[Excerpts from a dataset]
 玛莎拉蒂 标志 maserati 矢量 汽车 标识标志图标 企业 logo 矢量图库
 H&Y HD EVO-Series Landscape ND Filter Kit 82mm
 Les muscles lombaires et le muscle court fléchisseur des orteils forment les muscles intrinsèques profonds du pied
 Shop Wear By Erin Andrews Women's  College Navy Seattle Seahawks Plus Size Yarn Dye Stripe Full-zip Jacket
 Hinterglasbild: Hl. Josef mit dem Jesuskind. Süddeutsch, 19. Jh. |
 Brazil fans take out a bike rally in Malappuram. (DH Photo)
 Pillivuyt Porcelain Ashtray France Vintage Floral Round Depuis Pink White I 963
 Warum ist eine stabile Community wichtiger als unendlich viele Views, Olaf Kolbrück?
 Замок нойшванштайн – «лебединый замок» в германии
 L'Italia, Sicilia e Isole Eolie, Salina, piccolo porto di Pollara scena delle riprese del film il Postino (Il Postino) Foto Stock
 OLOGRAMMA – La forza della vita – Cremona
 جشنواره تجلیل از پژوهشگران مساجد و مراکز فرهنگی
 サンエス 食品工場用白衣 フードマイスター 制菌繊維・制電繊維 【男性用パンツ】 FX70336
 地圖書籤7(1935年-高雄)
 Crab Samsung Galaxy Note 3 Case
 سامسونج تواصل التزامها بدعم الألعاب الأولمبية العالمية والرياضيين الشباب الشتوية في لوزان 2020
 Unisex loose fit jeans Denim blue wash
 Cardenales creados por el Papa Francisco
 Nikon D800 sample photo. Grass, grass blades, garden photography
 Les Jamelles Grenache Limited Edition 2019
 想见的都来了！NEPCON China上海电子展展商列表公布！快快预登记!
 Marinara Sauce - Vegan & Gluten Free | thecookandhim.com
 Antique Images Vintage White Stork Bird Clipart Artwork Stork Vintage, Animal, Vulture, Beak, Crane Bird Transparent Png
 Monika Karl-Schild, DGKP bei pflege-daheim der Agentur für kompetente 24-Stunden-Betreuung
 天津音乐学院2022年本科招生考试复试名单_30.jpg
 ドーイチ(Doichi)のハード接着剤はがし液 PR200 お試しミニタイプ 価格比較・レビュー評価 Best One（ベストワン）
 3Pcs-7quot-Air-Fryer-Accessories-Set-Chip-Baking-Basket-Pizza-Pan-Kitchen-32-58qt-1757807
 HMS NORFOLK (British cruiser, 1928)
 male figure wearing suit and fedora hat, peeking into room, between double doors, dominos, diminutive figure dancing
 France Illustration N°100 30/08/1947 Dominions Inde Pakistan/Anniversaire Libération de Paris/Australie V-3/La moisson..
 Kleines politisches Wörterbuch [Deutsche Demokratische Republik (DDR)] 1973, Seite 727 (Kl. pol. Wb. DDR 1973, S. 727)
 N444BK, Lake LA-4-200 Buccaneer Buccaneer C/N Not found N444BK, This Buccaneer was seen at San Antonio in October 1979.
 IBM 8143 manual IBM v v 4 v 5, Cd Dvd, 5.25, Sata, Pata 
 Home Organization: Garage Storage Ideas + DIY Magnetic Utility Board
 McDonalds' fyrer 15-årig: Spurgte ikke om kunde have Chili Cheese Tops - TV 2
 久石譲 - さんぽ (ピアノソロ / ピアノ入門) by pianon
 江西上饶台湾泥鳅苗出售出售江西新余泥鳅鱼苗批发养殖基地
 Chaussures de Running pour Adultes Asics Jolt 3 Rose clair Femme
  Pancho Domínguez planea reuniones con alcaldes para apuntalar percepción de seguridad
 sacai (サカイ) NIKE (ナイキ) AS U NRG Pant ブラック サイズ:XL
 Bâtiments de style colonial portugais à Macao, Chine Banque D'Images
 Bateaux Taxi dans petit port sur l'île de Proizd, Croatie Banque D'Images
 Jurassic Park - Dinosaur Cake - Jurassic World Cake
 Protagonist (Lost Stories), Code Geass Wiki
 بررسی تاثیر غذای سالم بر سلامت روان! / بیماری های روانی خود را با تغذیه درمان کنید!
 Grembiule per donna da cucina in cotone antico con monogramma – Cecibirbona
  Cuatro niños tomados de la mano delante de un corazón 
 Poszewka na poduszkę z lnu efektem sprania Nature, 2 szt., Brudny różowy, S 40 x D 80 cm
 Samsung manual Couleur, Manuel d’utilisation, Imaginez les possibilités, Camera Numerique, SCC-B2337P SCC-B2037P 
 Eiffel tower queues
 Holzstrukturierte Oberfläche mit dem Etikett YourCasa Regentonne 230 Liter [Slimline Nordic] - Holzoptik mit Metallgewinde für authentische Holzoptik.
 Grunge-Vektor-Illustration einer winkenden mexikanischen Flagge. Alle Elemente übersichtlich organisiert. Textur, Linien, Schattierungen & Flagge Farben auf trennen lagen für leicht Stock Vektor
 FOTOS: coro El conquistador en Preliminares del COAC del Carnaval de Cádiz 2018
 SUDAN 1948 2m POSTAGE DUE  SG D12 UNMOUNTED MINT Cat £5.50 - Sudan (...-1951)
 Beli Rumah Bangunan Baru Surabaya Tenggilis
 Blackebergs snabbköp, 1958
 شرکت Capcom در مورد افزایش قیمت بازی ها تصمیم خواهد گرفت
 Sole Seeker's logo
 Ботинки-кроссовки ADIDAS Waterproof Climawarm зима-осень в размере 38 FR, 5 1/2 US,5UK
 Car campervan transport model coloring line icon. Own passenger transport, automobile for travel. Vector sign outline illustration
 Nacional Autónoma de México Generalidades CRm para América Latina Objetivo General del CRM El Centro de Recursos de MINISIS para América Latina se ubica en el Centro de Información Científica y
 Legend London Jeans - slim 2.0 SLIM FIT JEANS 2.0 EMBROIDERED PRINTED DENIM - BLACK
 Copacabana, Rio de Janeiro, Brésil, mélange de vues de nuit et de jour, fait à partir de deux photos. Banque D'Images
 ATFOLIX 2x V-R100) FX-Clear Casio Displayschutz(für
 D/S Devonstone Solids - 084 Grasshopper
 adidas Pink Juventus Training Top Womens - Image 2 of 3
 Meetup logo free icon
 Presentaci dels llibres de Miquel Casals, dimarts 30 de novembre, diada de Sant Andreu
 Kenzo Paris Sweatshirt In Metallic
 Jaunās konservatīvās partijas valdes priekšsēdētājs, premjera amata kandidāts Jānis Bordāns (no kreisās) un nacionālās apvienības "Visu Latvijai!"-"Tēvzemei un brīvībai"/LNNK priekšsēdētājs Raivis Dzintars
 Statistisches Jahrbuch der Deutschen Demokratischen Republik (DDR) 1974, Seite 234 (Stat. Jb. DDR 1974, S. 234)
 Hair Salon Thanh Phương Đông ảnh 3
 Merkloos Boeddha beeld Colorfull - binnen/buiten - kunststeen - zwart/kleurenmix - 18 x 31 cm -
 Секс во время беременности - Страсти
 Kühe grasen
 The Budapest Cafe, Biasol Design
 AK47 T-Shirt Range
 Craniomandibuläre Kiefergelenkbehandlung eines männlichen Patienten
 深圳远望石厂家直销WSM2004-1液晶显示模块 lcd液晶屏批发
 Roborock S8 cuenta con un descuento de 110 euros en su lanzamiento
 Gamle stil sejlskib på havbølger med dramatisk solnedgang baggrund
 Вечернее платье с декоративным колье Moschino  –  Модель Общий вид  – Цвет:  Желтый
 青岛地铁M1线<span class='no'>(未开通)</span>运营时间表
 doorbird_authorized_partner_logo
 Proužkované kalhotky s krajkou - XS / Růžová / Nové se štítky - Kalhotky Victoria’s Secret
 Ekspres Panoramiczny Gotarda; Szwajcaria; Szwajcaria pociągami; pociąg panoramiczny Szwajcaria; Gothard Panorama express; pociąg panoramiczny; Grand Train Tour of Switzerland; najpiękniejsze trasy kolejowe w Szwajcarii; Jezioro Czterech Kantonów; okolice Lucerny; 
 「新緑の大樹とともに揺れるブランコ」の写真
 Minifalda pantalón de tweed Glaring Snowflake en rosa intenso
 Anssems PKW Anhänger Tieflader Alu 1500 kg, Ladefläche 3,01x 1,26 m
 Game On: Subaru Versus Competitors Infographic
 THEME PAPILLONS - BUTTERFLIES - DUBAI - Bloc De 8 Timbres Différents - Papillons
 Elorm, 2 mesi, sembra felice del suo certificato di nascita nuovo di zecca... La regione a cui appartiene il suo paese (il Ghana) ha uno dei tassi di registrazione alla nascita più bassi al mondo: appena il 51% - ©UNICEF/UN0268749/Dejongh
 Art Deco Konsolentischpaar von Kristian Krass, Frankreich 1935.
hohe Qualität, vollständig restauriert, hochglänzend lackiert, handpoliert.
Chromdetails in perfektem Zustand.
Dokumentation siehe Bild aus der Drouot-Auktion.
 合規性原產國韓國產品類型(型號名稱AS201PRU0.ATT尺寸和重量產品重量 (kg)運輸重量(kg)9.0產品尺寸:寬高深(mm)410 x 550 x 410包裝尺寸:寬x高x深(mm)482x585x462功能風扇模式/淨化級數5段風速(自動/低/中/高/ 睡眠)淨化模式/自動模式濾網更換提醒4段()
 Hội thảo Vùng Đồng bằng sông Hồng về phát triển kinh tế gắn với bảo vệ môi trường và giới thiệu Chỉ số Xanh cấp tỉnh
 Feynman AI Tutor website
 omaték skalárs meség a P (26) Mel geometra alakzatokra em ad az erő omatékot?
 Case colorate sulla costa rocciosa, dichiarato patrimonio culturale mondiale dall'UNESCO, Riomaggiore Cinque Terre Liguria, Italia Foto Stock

## Problem description
Print, from the entries above, the line with "Eiffel tower queues", the line with "Kenzo Paris Sweatshirt In Metallic" and all lines between them, exactly and with nothing else.

## Task output
 Eiffel tower queues
 Holzstrukturierte Oberfläche mit dem Etikett YourCasa Regentonne 230 Liter [Slimline Nordic] - Holzoptik mit Metallgewinde für authentische Holzoptik.
 Grunge-Vektor-Illustration einer winkenden mexikanischen Flagge. Alle Elemente übersichtlich organisiert. Textur, Linien, Schattierungen & Flagge Farben auf trennen lagen für leicht Stock Vektor
 FOTOS: coro El conquistador en Preliminares del COAC del Carnaval de Cádiz 2018
 SUDAN 1948 2m POSTAGE DUE  SG D12 UNMOUNTED MINT Cat £5.50 - Sudan (...-1951)
 Beli Rumah Bangunan Baru Surabaya Tenggilis
 Blackebergs snabbköp, 1958
 شرکت Capcom در مورد افزایش قیمت بازی ها تصمیم خواهد گرفت
 Sole Seeker's logo
 Ботинки-кроссовки ADIDAS Waterproof Climawarm зима-осень в размере 38 FR, 5 1/2 US,5UK
 Car campervan transport model coloring line icon. Own passenger transport, automobile for travel. Vector sign outline illustration
 Nacional Autónoma de México Generalidades CRm para América Latina Objetivo General del CRM El Centro de Recursos de MINISIS para América Latina se ubica en el Centro de Información Científica y
 Legend London Jeans - slim 2.0 SLIM FIT JEANS 2.0 EMBROIDERED PRINTED DENIM - BLACK
 Copacabana, Rio de Janeiro, Brésil, mélange de vues de nuit et de jour, fait à partir de deux photos. Banque D'Images
 ATFOLIX 2x V-R100) FX-Clear Casio Displayschutz(für
 D/S Devonstone Solids - 084 Grasshopper
 adidas Pink Juventus Training Top Womens - Image 2 of 3
 Meetup logo free icon
 Presentaci dels llibres de Miquel Casals, dimarts 30 de novembre, diada de Sant Andreu
 Kenzo Paris Sweatshirt In Metallic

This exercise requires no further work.